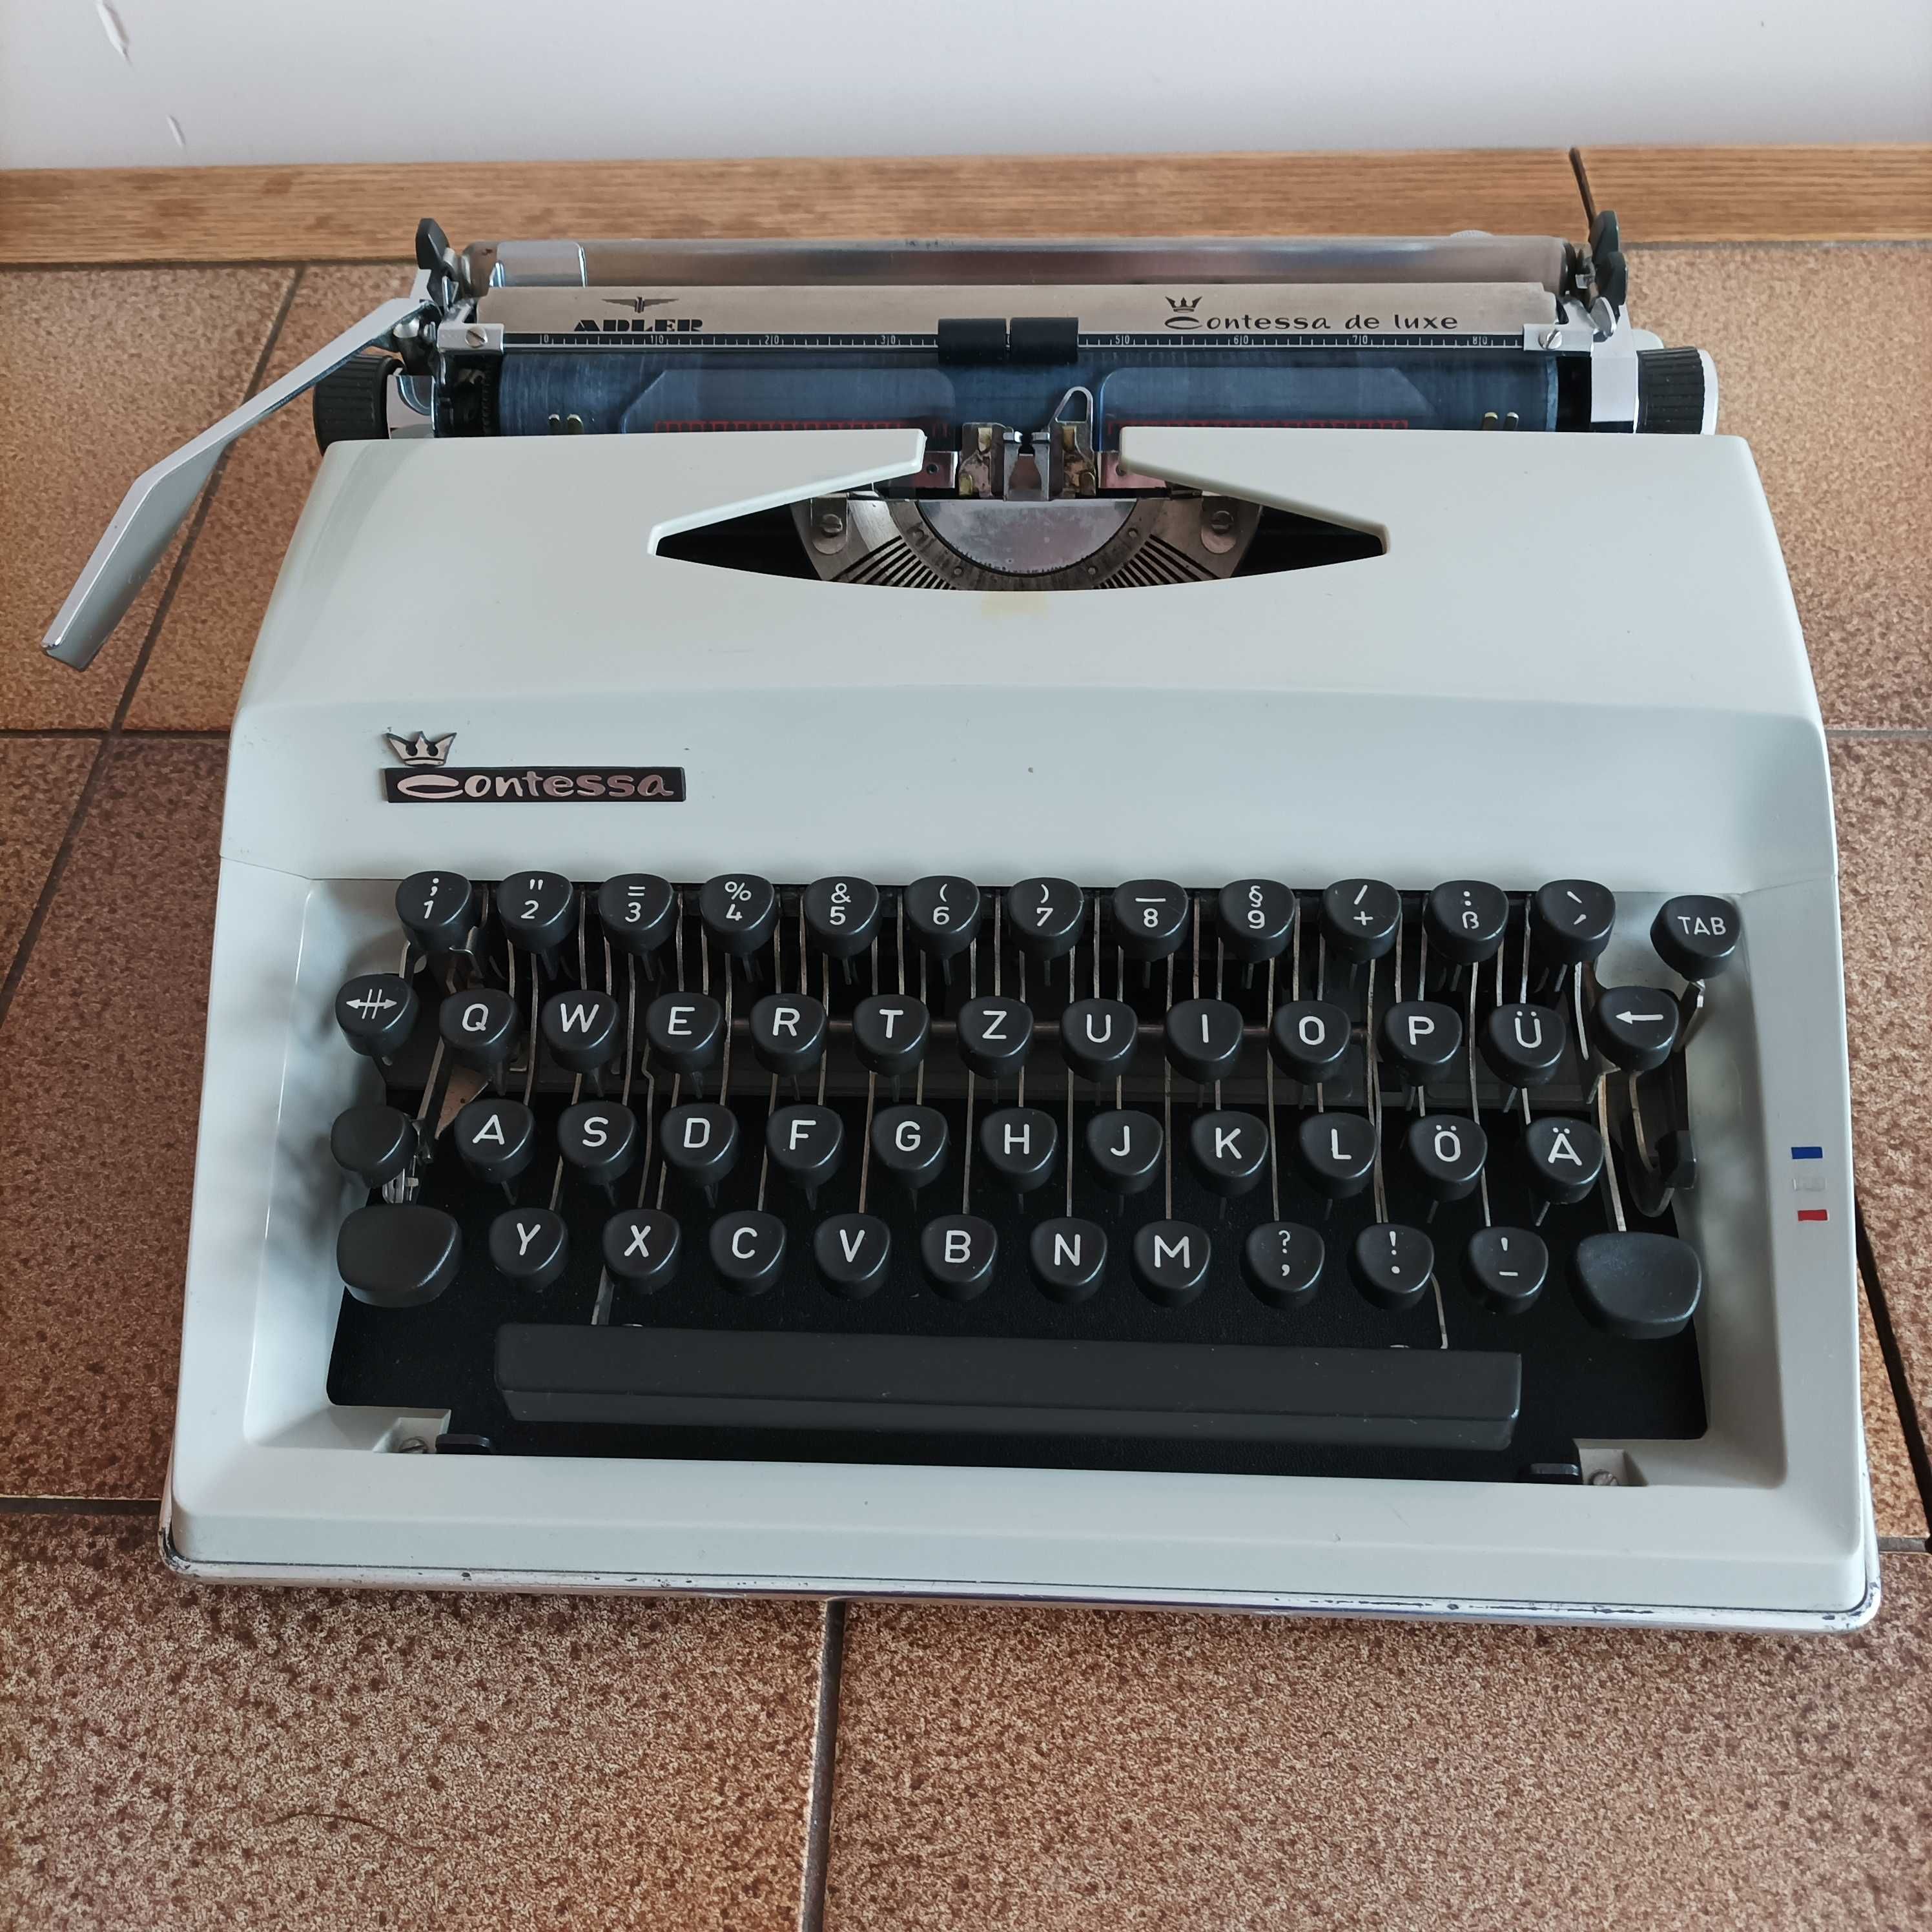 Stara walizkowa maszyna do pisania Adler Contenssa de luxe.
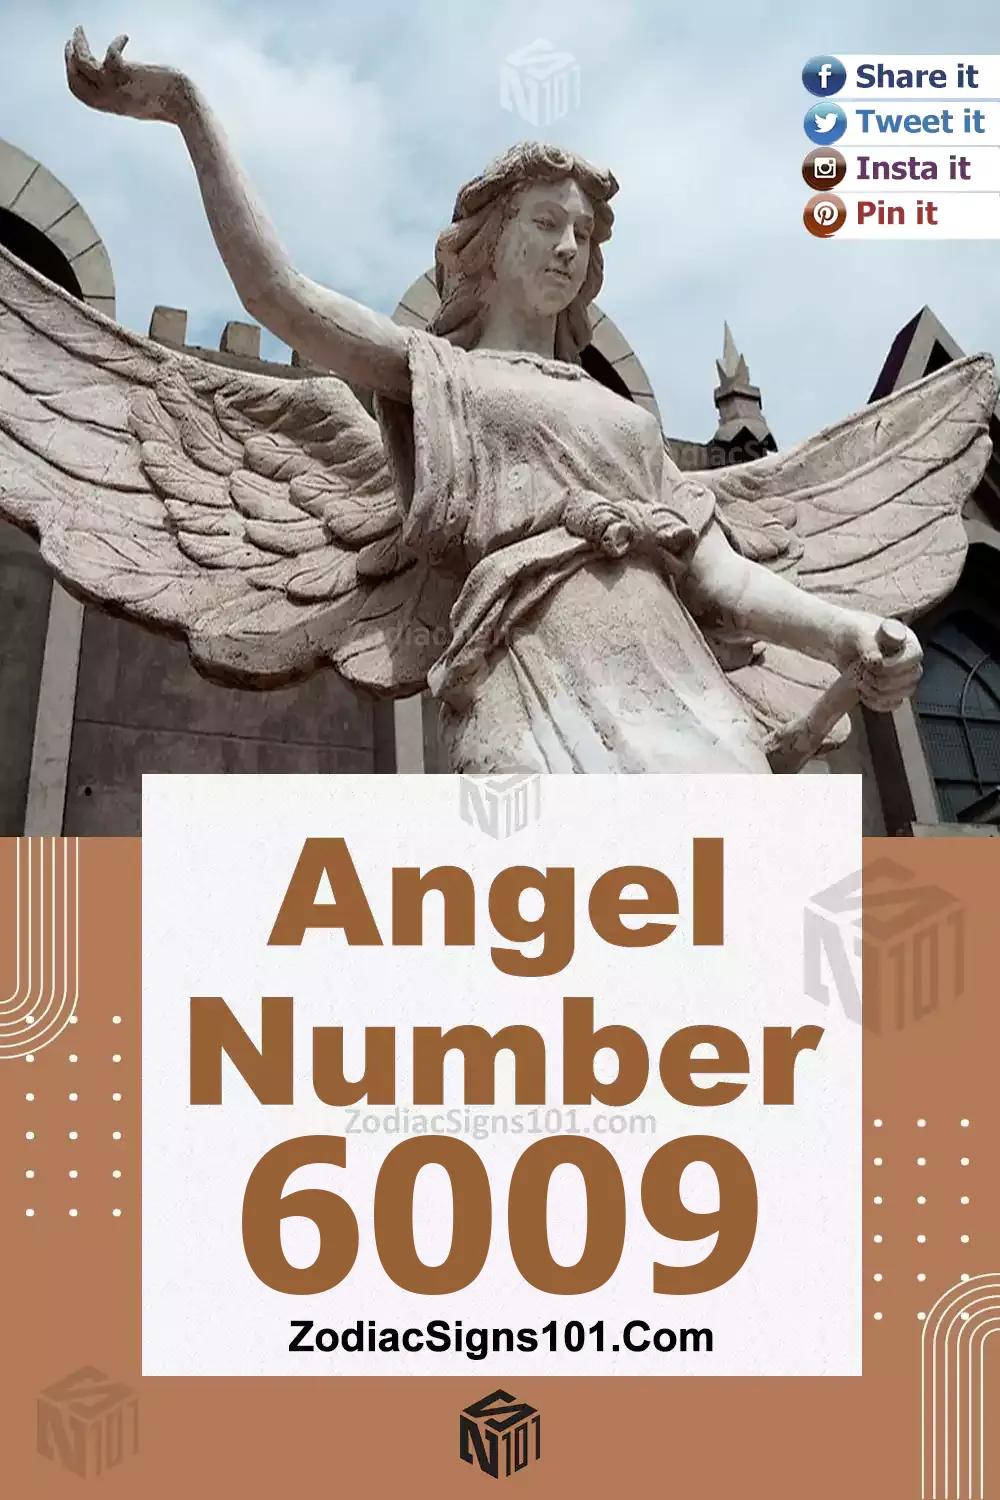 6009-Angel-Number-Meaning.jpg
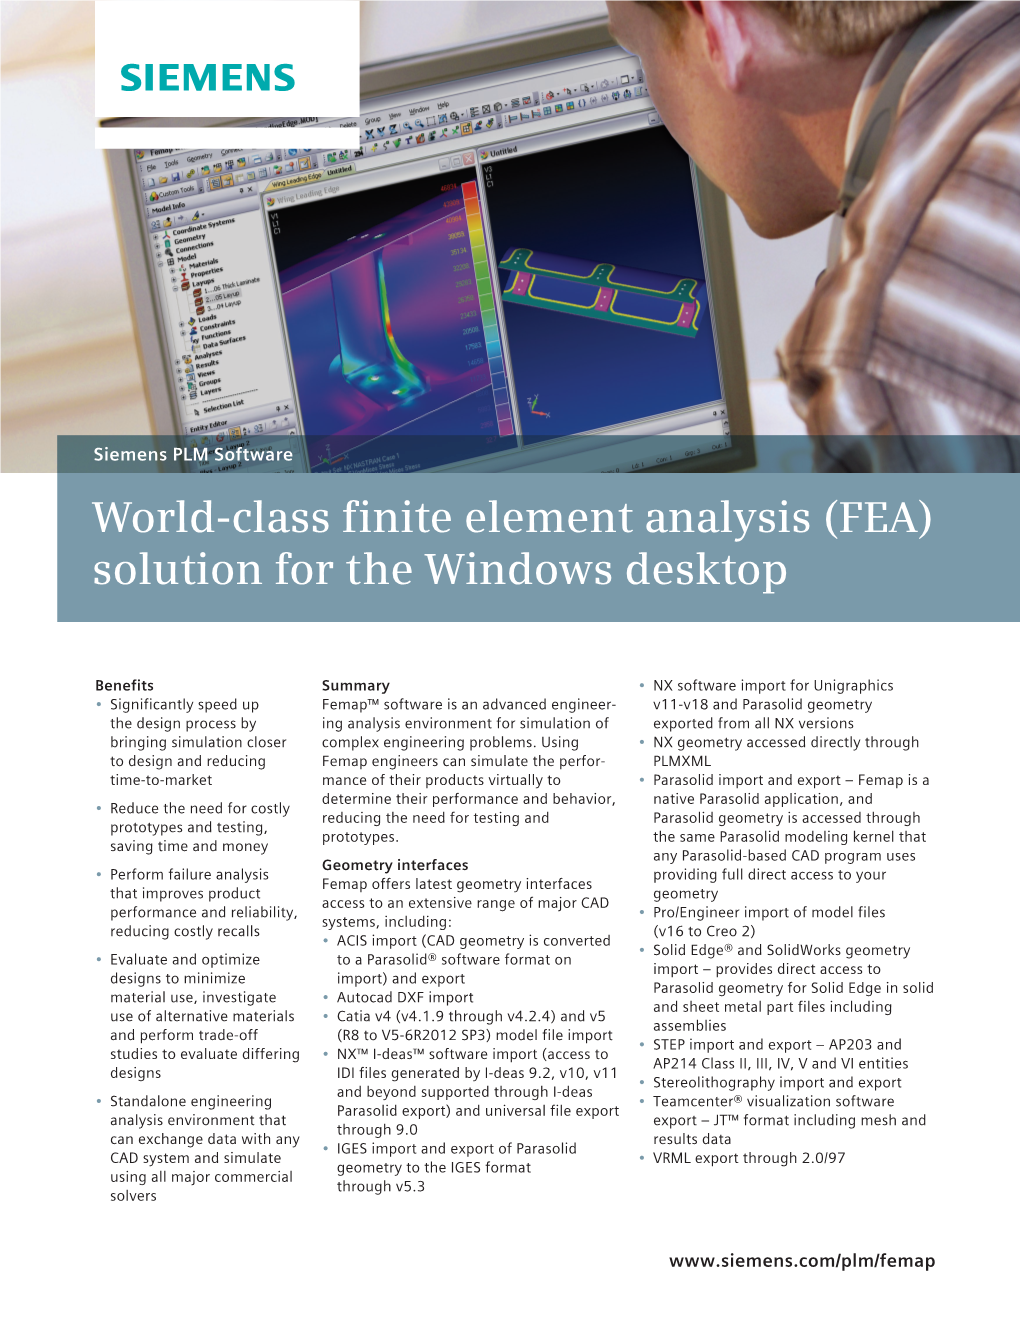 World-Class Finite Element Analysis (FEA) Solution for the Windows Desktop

TASK BRIEF: No pictures go in the copy. Set down all the data exactly.

SOLUTION FOR THIS TASK:
 Stara walizkowa maszyna do pisania Adler Contenssa de luxe.
 6009-Angel-Number-Meaning.jpg
 World-Class Finite Element Analysis (FEA) Solution for the Windows Desktop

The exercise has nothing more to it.